November 2018 Indie Next List
“What enormous fun Barbara Shapiro had in constructing this mini-universe of arts, artists, collectors, and grifters. Loosely based on Barnes Foundation founder Albert C. Barnes and his assistant, Shapiro’s fictional pair — Edwin Bradley, the collector, and the lovely but unlucky Paulien Mertens — flit from Europe to Pennsylvania and back in the 1920s. The joy of The Collector’s Apprentice is infectious as the reader is introduced to the salon of Gertrude Stein and becomes a voyeur of a passionate affair involving the great philanderer Henri Matisse. The Roaring Twenties, a whiff of the Talented Mr. Ripley, and a pinch of sex, murder, and mystery are the ingredients of this art thriller. With her bold brush strokes and vivid colors, Shapiro has created a Gauguin of a novel.”

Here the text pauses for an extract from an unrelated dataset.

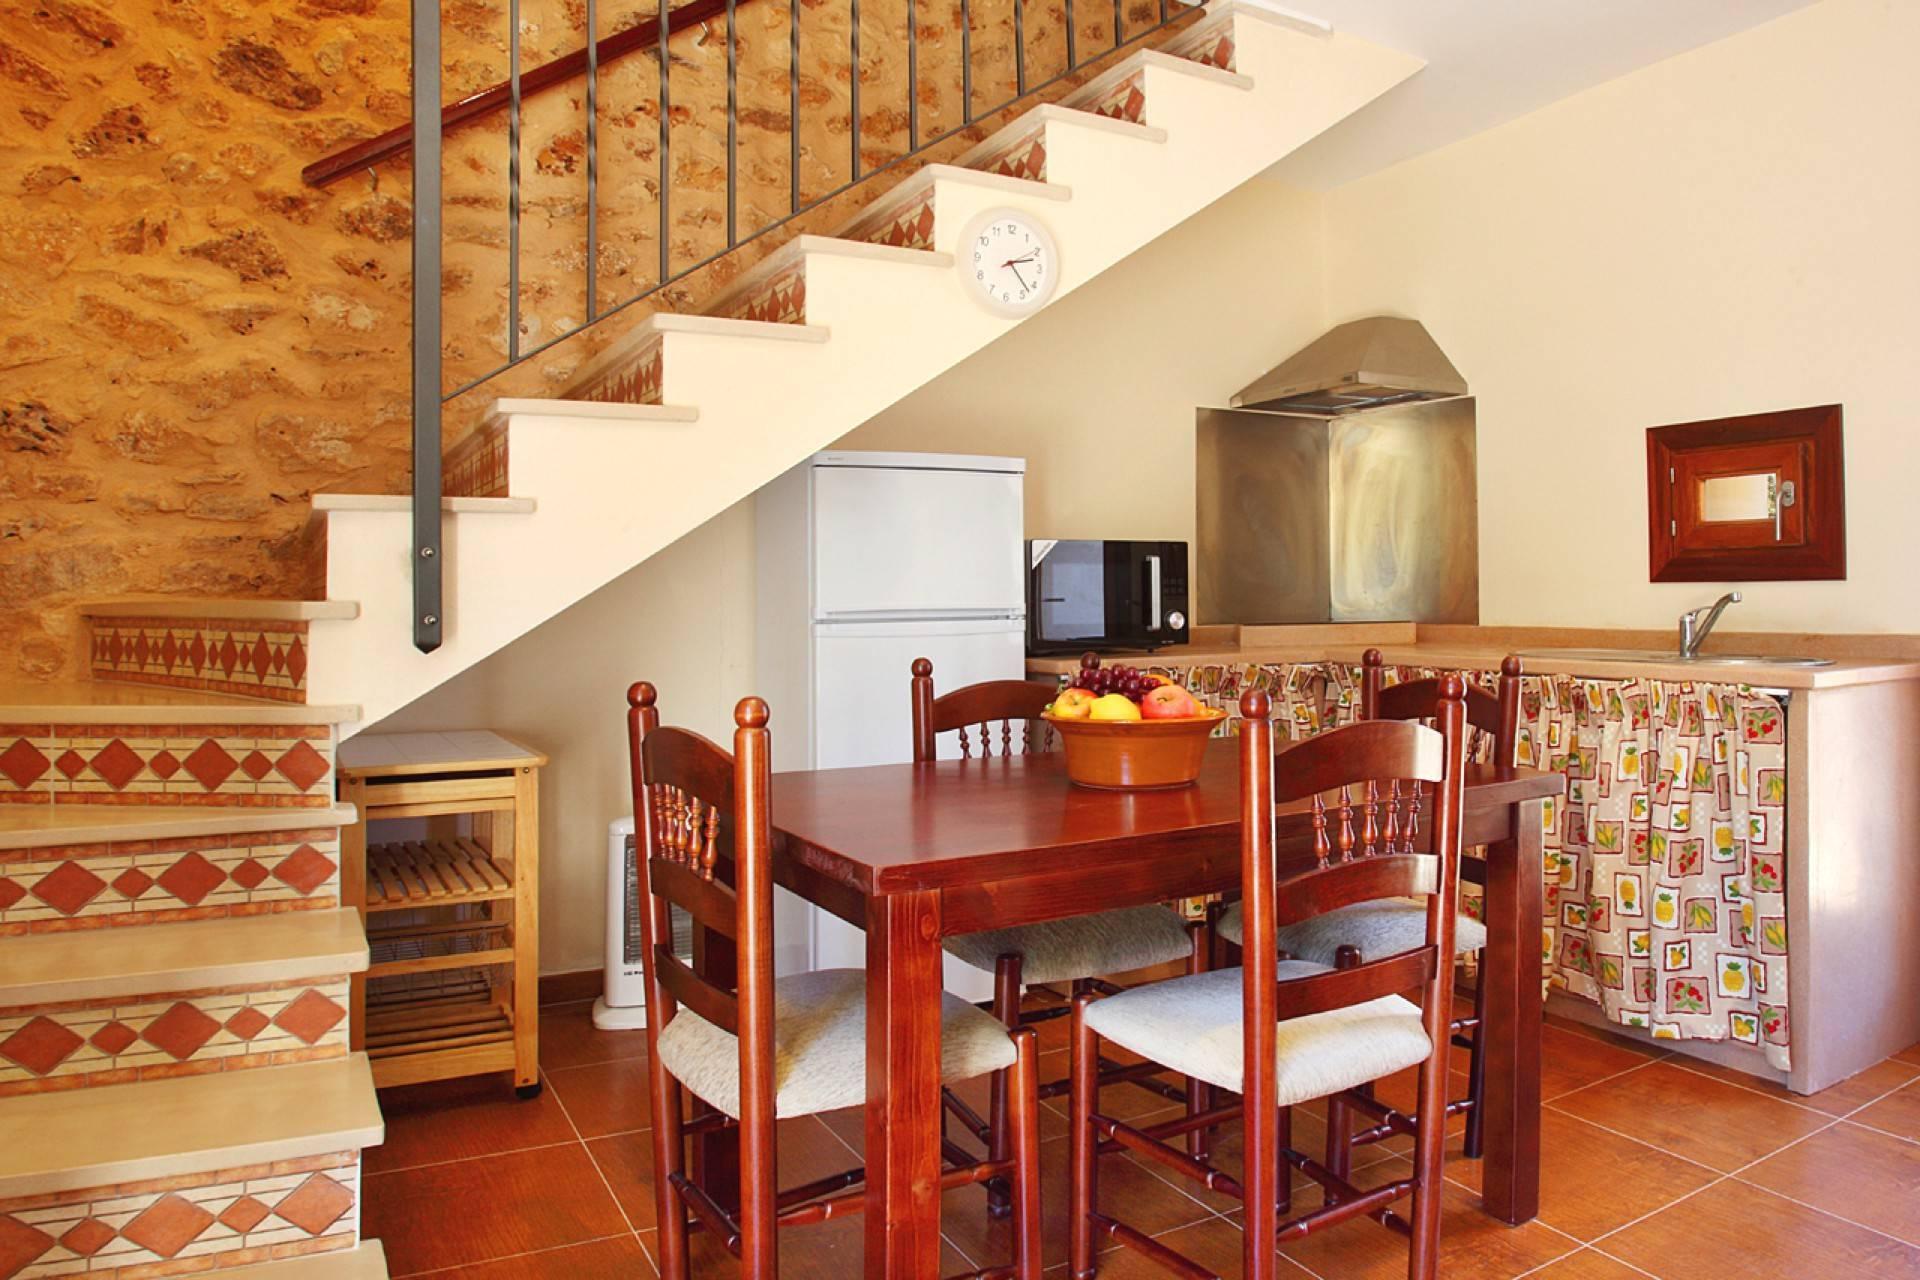 01-142 Rustic farmhouse Mallorca east Bild 21

— Darwin Ellis, Books on the Common, Ridgefield, CT
It’s the summer of 1922, and nineteen-year-old Paulien Mertens finds herself in Paris—broke, disowned, and completely alone. Everyone in Belgium, including her own family, believes she stole millions in a sophisticated con game perpetrated by her then-fiancé, George Everard. To protect herself from the law and the wrath of those who lost everything, she creates a new identity, a Frenchwoman named Vivienne Gregsby, and sets out to recover her father’s art collection, prove her innocence—and exact revenge on George.

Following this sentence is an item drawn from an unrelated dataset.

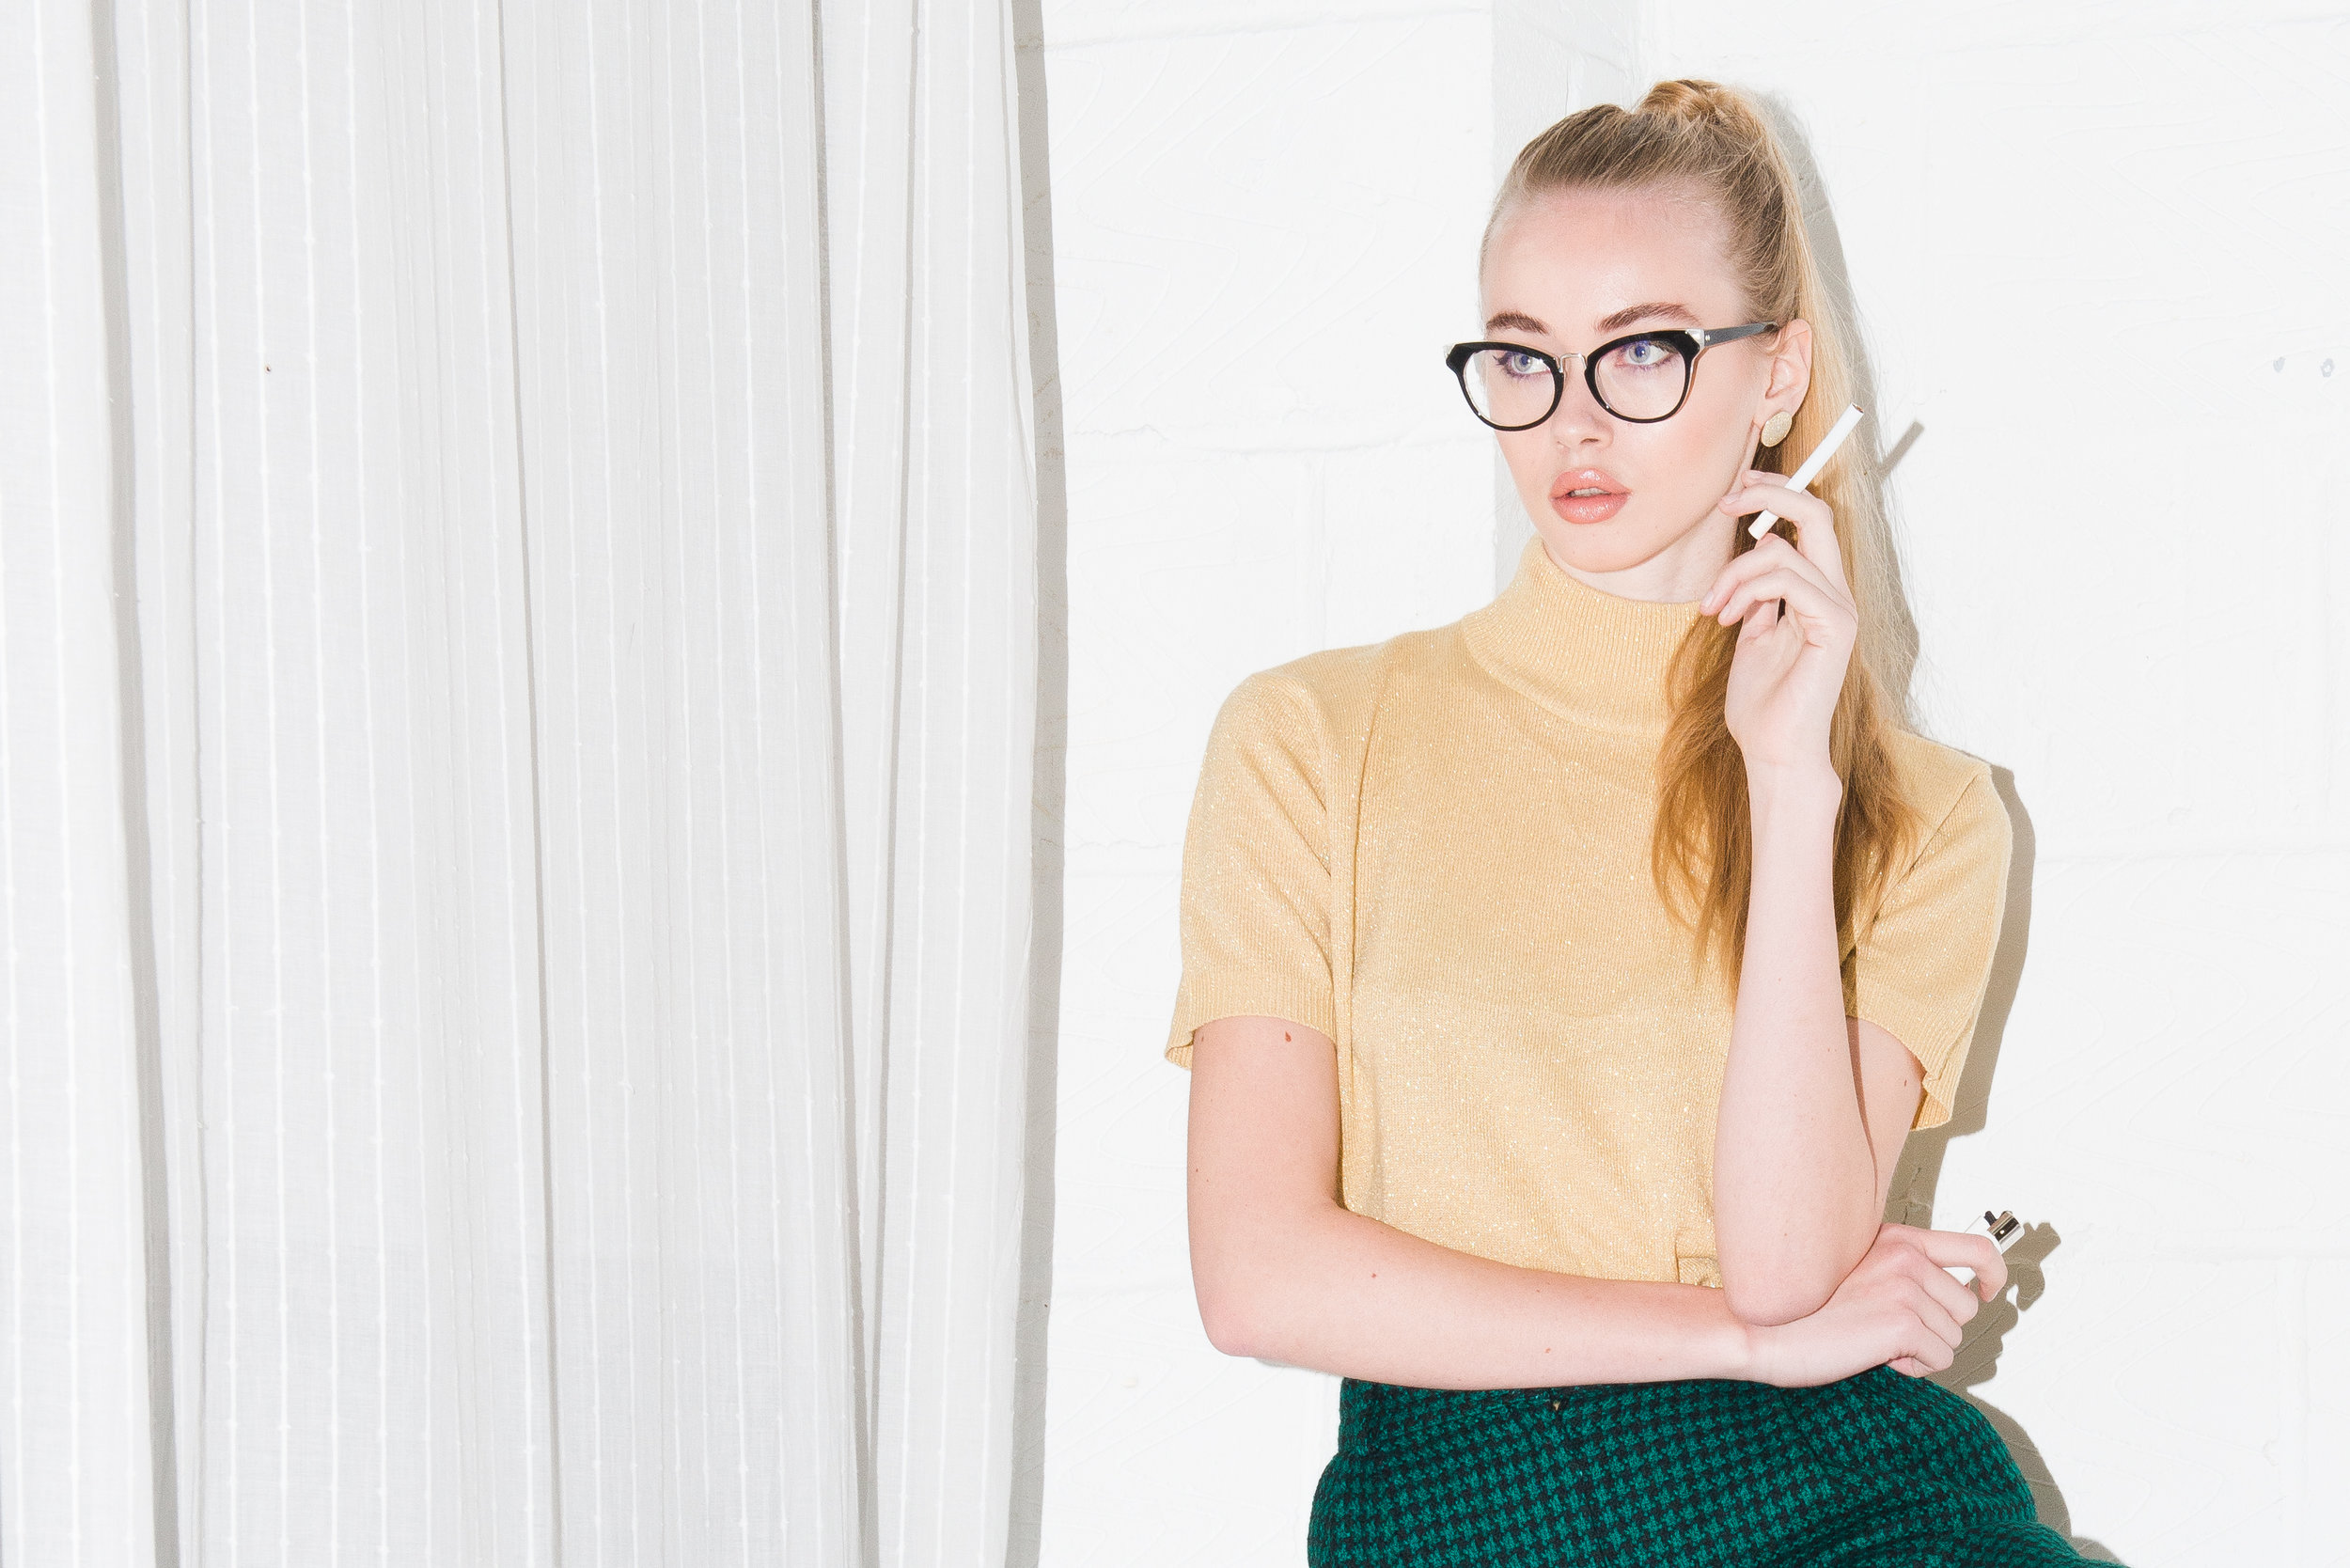 Fashion shoot_SA_HiRes_001.jpg

When the eccentric and wealthy American art collector Edwin Bradley offers Vivienne the perfect job, she is soon caught up in the Parisian world of post-Impressionists and expatriates—including Gertrude Stein and Henri Matisse, with whom Vivienne becomes romantically entwined. As she travels between Paris and Philadelphia, where Bradley is building an art museum, her life becomes even more complicated: George returns with unclear motives . . . and then Vivienne is arrested for Bradley’s murder.

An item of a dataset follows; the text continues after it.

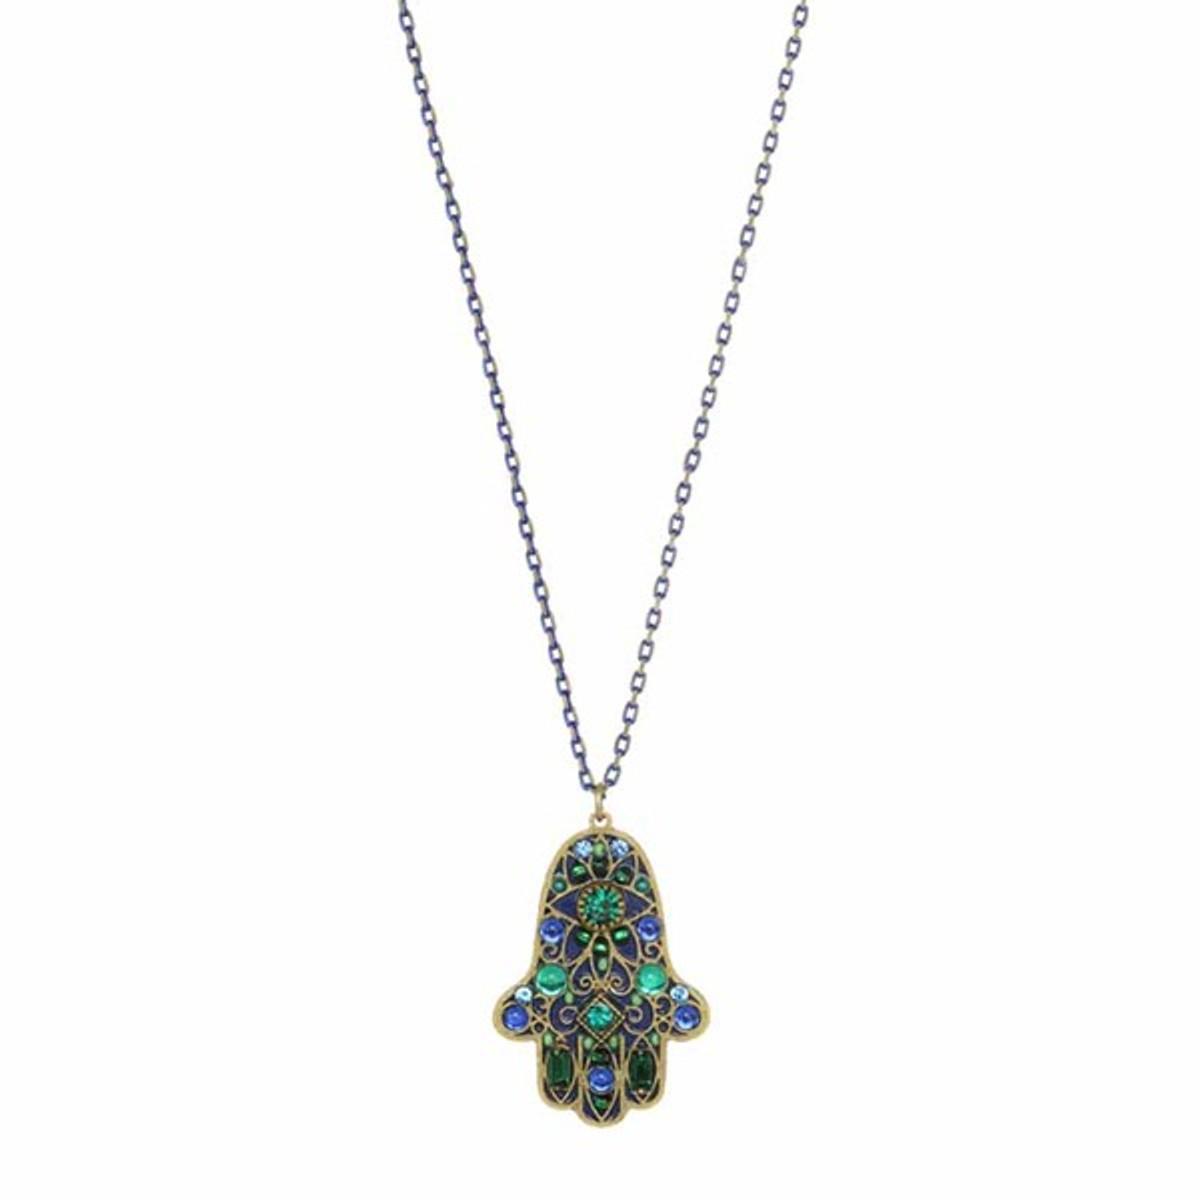 Green Hamsa Necklace on Single Chain

B. A. Shapiro has made the historical art thriller her own. In The Collector’s Apprentice, she gives us an unforgettable tale about the lengths to which people will go for their obsession, whether it be art, money, love, or vengeance.
About the Author
B. A. Shapiro is the author of the award-winning New York Times bestseller The Art Forger and the bestseller The Muralist. She has taught sociology at Tufts University and creative writing at Northeastern University and lives in Boston with her husband, Dan, and their dog, Sagan. Her website is www.bashapirobooks.com.
“Lush, atmospheric . . . Shapiro’s romantic and suspenseful art thriller will delight historical- and crime-fiction fans.”
“B.A. Shapiro is back with a platinum potion of art, love, and scandal, set against the big backdrop of Paris between the wars. If you can put The Collector’s Apprentice down, you’re made of stronger stuff than I am. I read it in one sumptuous sitting. This is a big story, from a big talent.”
—Jacquelyn Mitchard, author of The Deep End of the Ocean
“Dazzling and seductive, The Collector’s Apprentice is a tour de force—an exhilarating tale of shifting identities, desire, and intrigue set between 1920s Paris and Philadelphia. Shapiro is a master at melding historical and fictional characters to bring the past alive on the page, and in The Collector’s Apprentice she has forged an exquisite, multilayered story that maps the cogent and singular fire of a young woman’s ambition and the risks she will take for the sake of art.”
—Dawn Tripp, bestselling author of Georgia
“I was engrossed in every twist and turn in this compulsively captivating page-turner, all the way until its astonishing denouement. Shapiro has done it again!”
—Thrity Umrigar, bestselling author of The Space Between Us
“A seamless blend of art history set against a wider historical backdrop.”
—Detroit Jewish News
“In prose lush with post-Impressionist art history, Shapiro's intriguing novel presents a heroine either evil or sympathetic—until the very end.”
“Shapiro packs her novel with intrigues and mysteries . . . Readers will . . . be charmed.”
“B. A. Shapiro delivers another dose of art history, wrapped tightly in a thriller.”
—New York Journal of Books
“Shapiro creates a complex, detailed, and historically-accurate world, and the lack of any straightforwardly heroic characters, along with a superb depiction of the glamorous 1920s Parisian art scene, makes this novel a standout among dark, twisting historical mysteries.”